The Primary Client of Adoption is the Child
As a social worker, I frequently balance the needs and rights of multiple people in a family at once. When I am called in to help in any situation of any kind, I'm obligated to first and foremost protect the most vulnerable person. In adoption, this person is always the child. My goal is for every child to have a safe and loving home. Adoption is not a goal itself - it's just one of many ways this goal can be reached. That means that my focus is always directly on children - rather than on amplifying adoption or foster care as institutions.

You can kind of liken this to focusing on caring for a patient rather than praising the hospital or the medical system. You can also liken this to focusing on someone's spiritual needs rather than praising a specific church or religion. I am a child advocate and a humanist at heart.

Foster care is about reunifying families. Adoption is about finding homes for kids that need homes - not finding kids for homes that want kids. I'm proud to partner with adoptees, fellow professionals, and original/foster/adoptive parents to center adoption on children and on adoptees.
 
What Else Should my Audience Know?
I am a feminist. I am dedicated to anti-racism. I am LGBTQIA+ affirming. My drive to be culturally competent and respectful is a lifelong journey. I strive to be inclusive and accommodating of people with disabilities. I desire to be a responsible citizen of the world.

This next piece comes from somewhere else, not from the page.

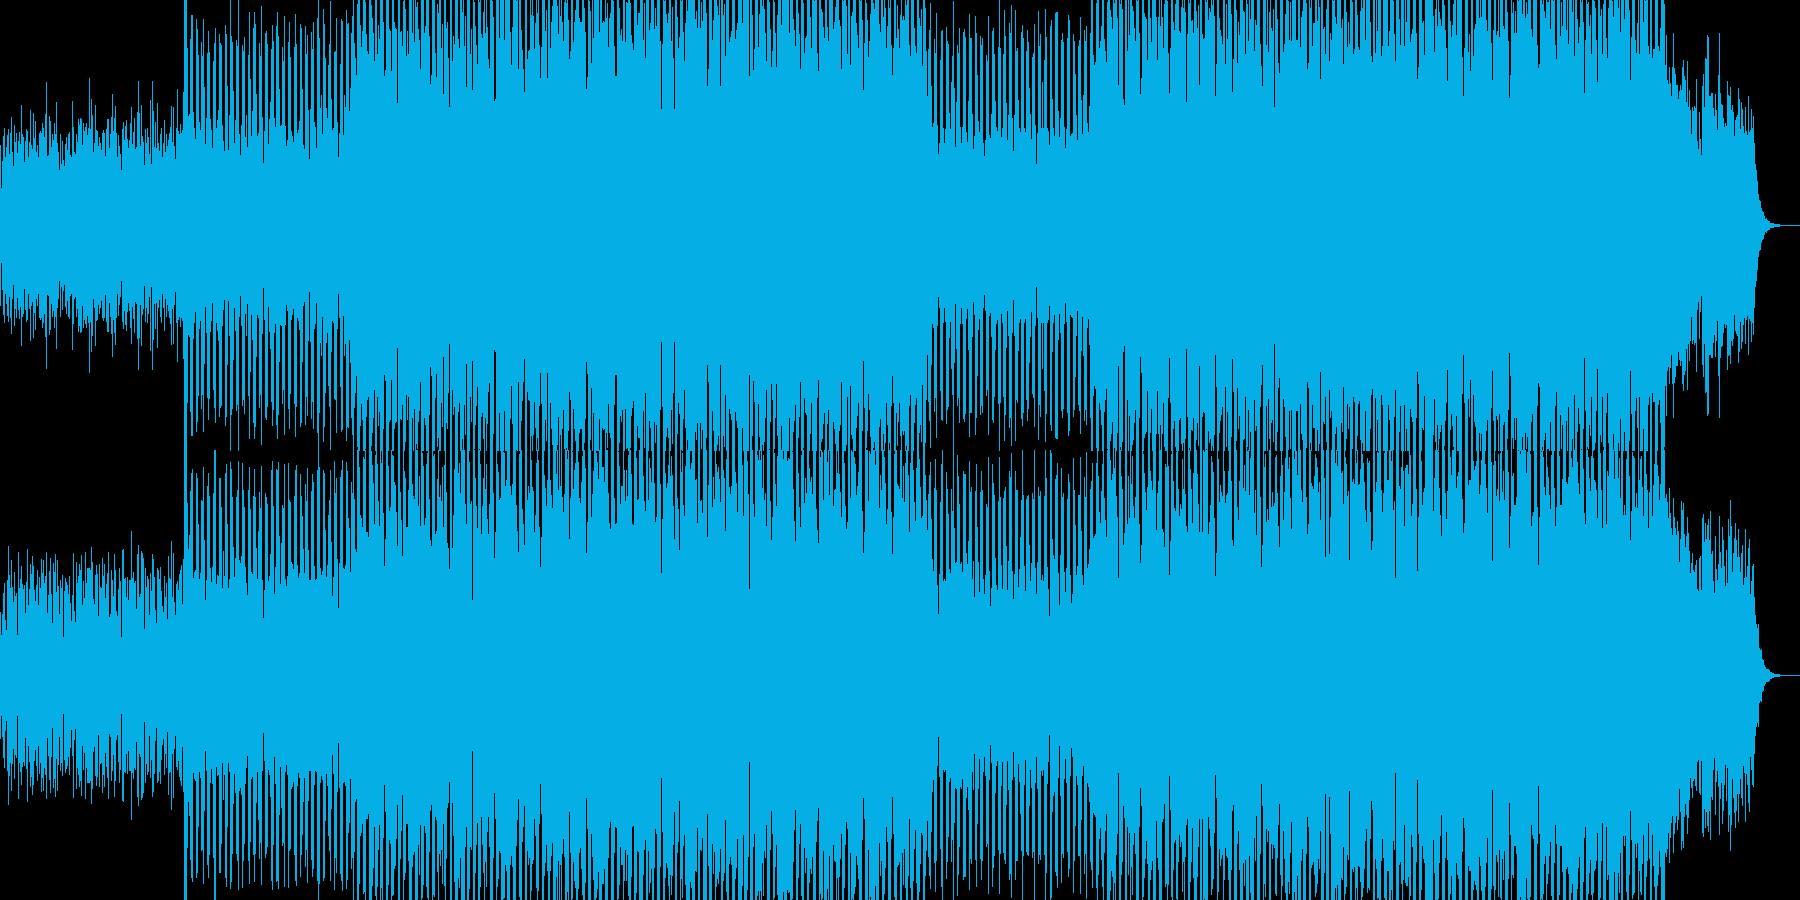 EDMポップで明るいクラブ系-73の再生済みの波形

Everyone is Welcome to Respectfully Engage with me
There may be one more elephant in the room. My writing is often blunt, technical, and academic. This is my comfort-level when I write. This can make people feel intimidated and afraid to say something wrong for fear they will look unintelligent or not "woke" enough. I want you to know that, I'm afraid of not looking intelligent or "woke" or respectful enough too. Mis-communicating or hurting someone's feelings unintentionally make me feel awful. I'm doing the very best that I can, and it's very easy for me to tell when others are too. We are all human, and I am very thankful for anyone and everyone who is brave and bold enough to show up for adopted youth and adults.